Matakatolik.com- Akademisi dan Pengamat Pertanian Dr Leta Rafael Lewis mengatakan masyarakat NTT di sejumlah wilayah akan menderita kelaparan pada tahun 2020. Dari riset akademik yang dipublikasikannya pada Jumat (24 /1/2020), Dosen Fakultas Pertanian di Universitas Nusa Cendana tersebut menjelaskan bahwa banyak petani belum menanam sampai akhir Januari 2020.

Menurut Rafael, para petani belum menanam karena pergeseran musim hujan, serta minimnya curah hujan di NTT pada musim hujan tahun 2019/2020. Akibatnya, kelaparan bisa saja terjadi di beberapa daerah yang mengalami gagal tanam dan gagal panen karena curah hujan tidak menentu.

Menanggapi temuan akademik tersebut, anggota DPR RI Komisi IV Yohanis Fransiskus Lema meminta agar negara segera melakukan tindakan luar biasa (extradordinary action) yang sifatnya revolusioner di sektor pertanian untuk mengantisipasi masalah kelaparan (rawan pangan) para petani NTT di sejumlah wilayah. Pemerintah harus serius dalam menyikapi pergesaran musim hujan dan minimnya curah hujan yang potensial mengakibatkan para petani gagal tanam dan gagal panen.

“Publikasi riset akademik Dr Rafael Leta Lewis telah menemukan kemungkinan petani sejumlah daerah di NTT akan mengalami kelaparan. Ini disebabkan pergeseran musim hujan serta minimnya curah hujan hingga para petani gagal tanam, juga akan gagal panen karena curah hujan tidak menentu (mendukung). Situasi ini harus ditanggapi dan diantisipasi serius oleh pemerintah dengan melakukan tindakan luar biasa,” urai Politisi muda PDI Perjuangan tersebut.

Pendataan Petani Gagal Tanam dan Gagal Panen

Tindakan luar biasa tersebut, demikian pria yang akrab disapa Ansy Lema ini, adalah dengan melakukan sejumlah aksi konkret jangka pendek maupun jangka menengah. Untuk kategori pertama, wakil rakyat asal NTT itu meminta pemerintah Provinsi NTT melakukan koordinasi dan sinergi dengan pemerintah kabupaten, kecamatan, dan desa untuk melakukan pendataan secara menyeluruh kepada para petani yang gagal tanam dan berpotensi gagal panen.

“Pemerintah provinsi NTT perlu melakukan sinergi dan koordinasi untuk melakukan pendataan para petani yang gagal tanam dan berpotensi gagal panen sebagai dasar rujukan objektif melakukan langkah-langkah solutif dan antisipatif. Kerja sama dan koordinasi dari tingkat provinsi, kabupaten, kecamatan, desa, hingga kelompok petani perlu dilakukan sehingga data yang dihasilkan akurat dan objektif,” lanjut Ansy Lema.
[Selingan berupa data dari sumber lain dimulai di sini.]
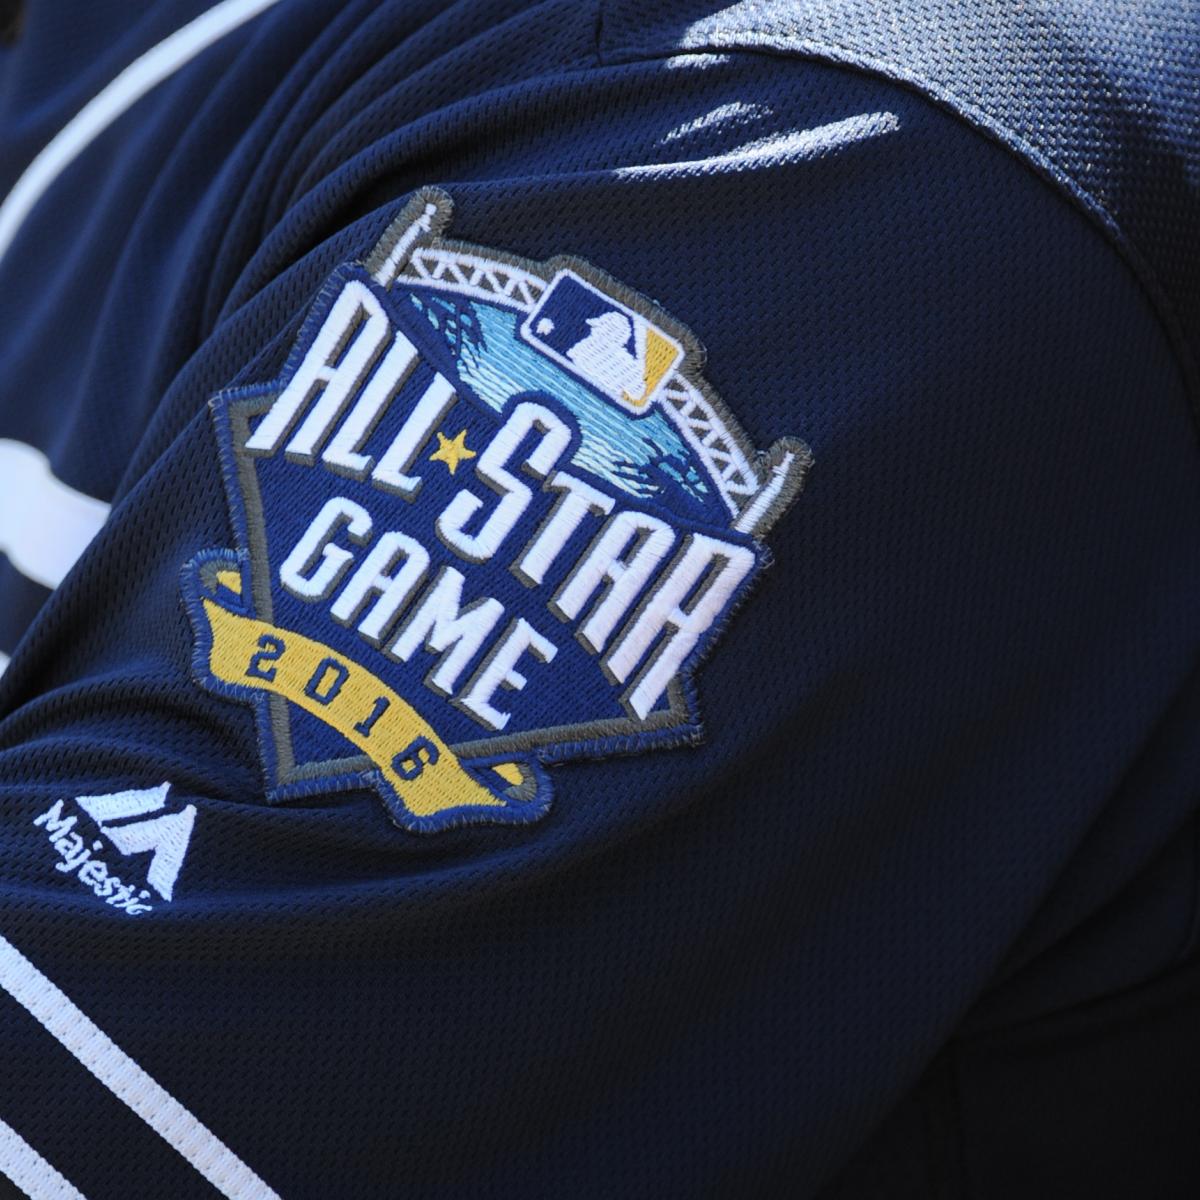 MLB unveiled the 2018 All-Star Game uniforms, and they're spectacular

Untuk langkah solutif, Ansy menganjurkan agar pemerintah melakukan intervensi langsung guna memastikan petani tetap menanam dengan tanaman-tanaman unggulan yang adaptif terhadap minimnya curah hujan. Agar tercapai maksud ini, pemerintah dapat bekerja sama dengan litbang universitas ataupun para praktisi pertanian.
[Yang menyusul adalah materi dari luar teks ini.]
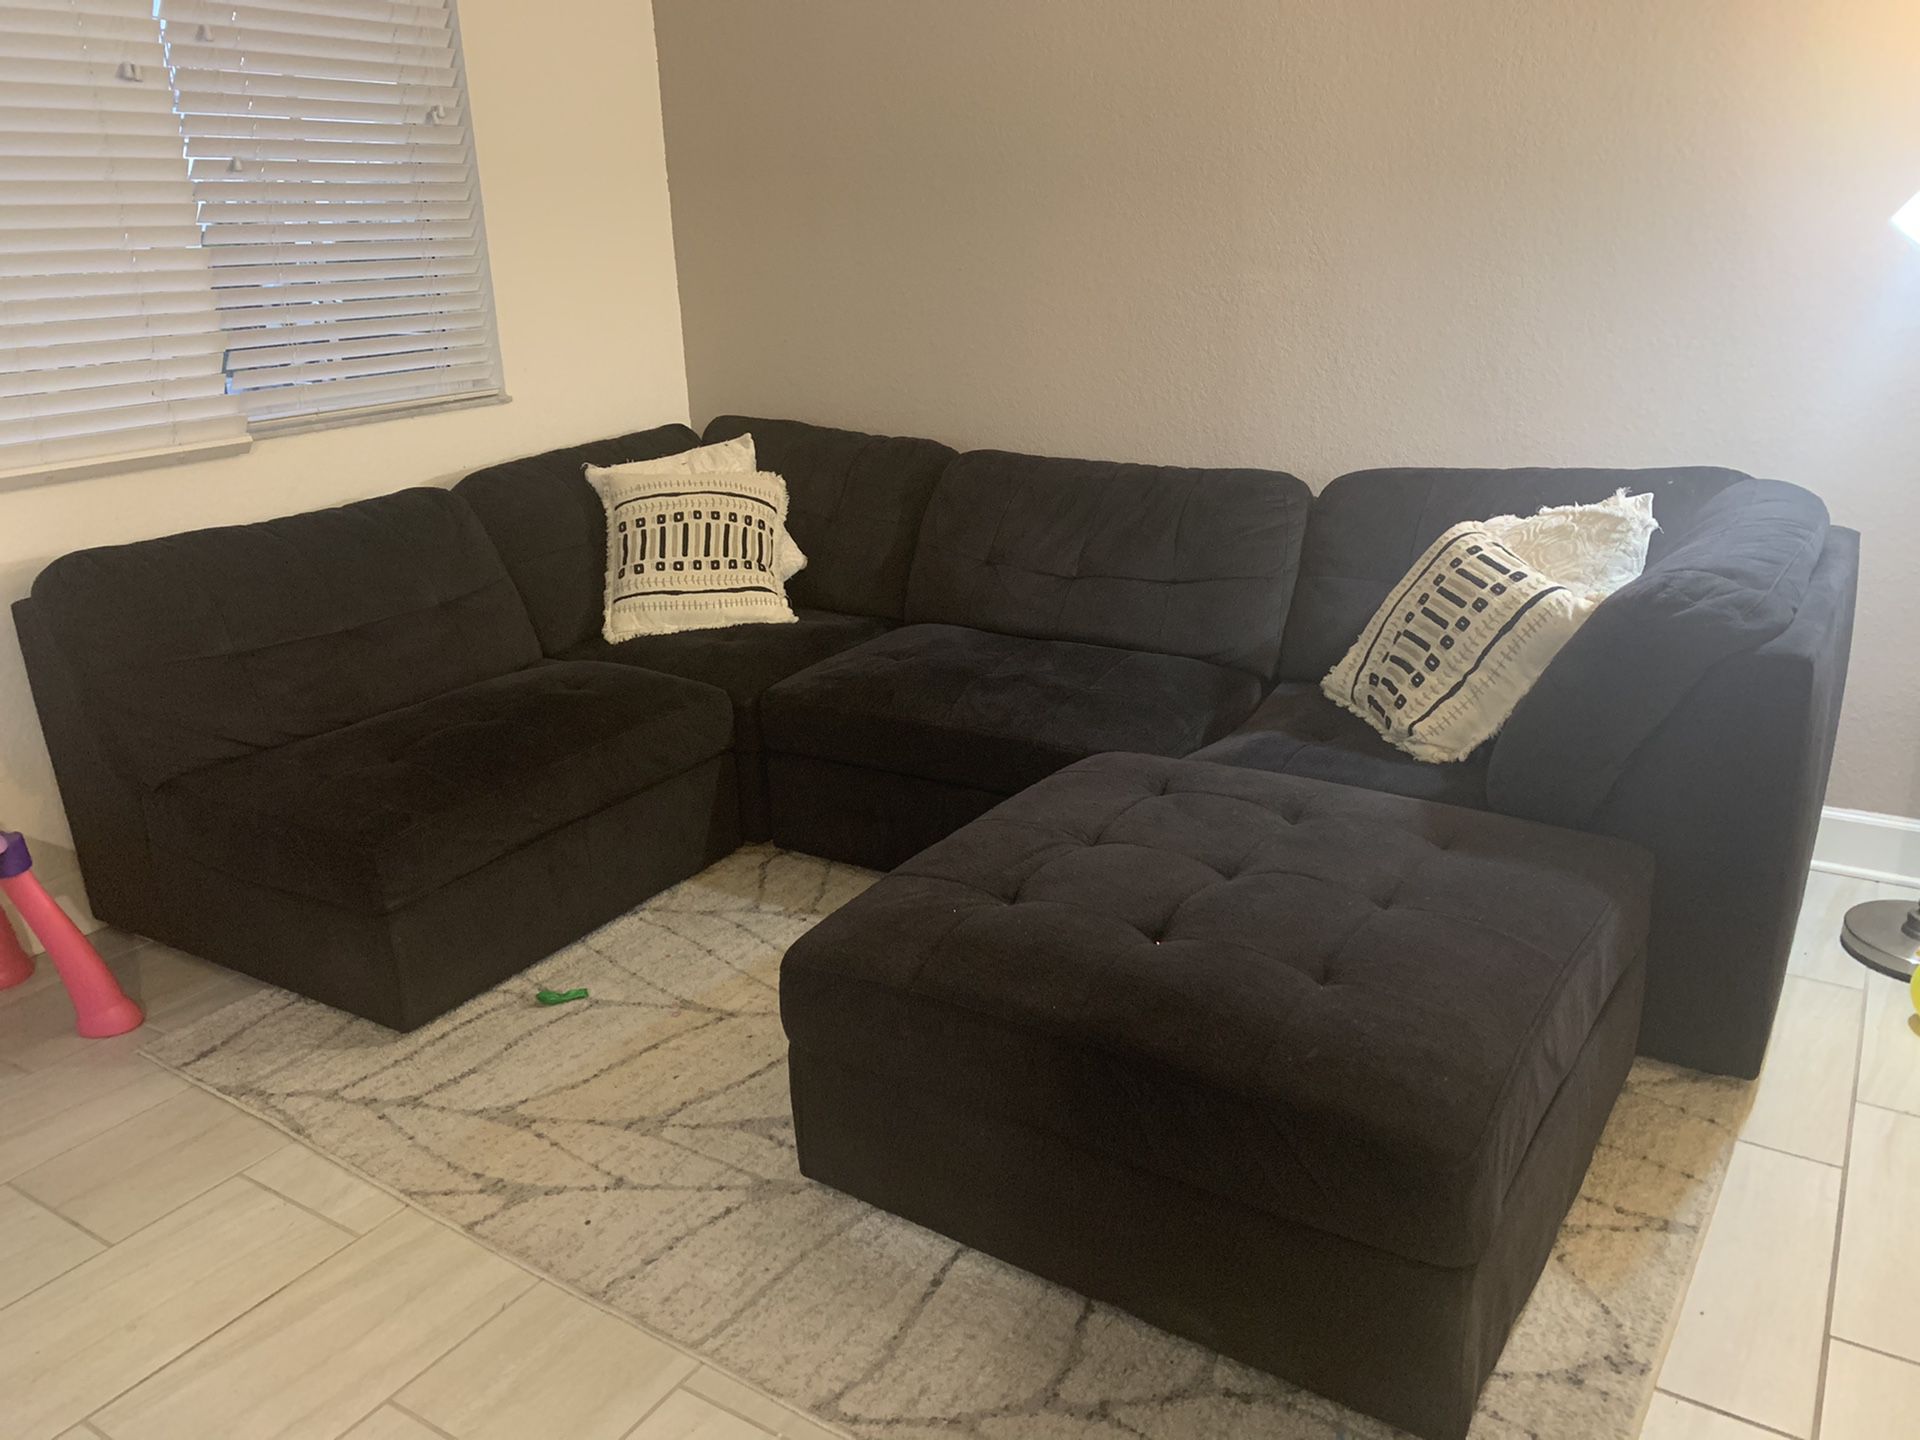 Dark blue/ black sectional couch

“Pemerintah daerah perlu melakukan upaya untuk mengatasi gagal tanam sekaligus gagal panen. Salah satu cara adalah melakukan pola tanam tanaman pertanian yang adaptif dengan cuaca dan iklim. Untuk mengetahui itu dilakukan studi atau uji laboratorium secara cepat,namun akurat untuk mengetahui tanaman yang cocok dengan kondisi NTT saat ini,” papar Ansy.

Pada saat serentak, sebagai langkah antisipatif, pemerintah juga dapat mengalokasikan dana cadangan anggaran agar pada saat yang dibutuhkan dapat memberikan bantuan langsung kepada para petani yang benar-benar mengalami kelaparan.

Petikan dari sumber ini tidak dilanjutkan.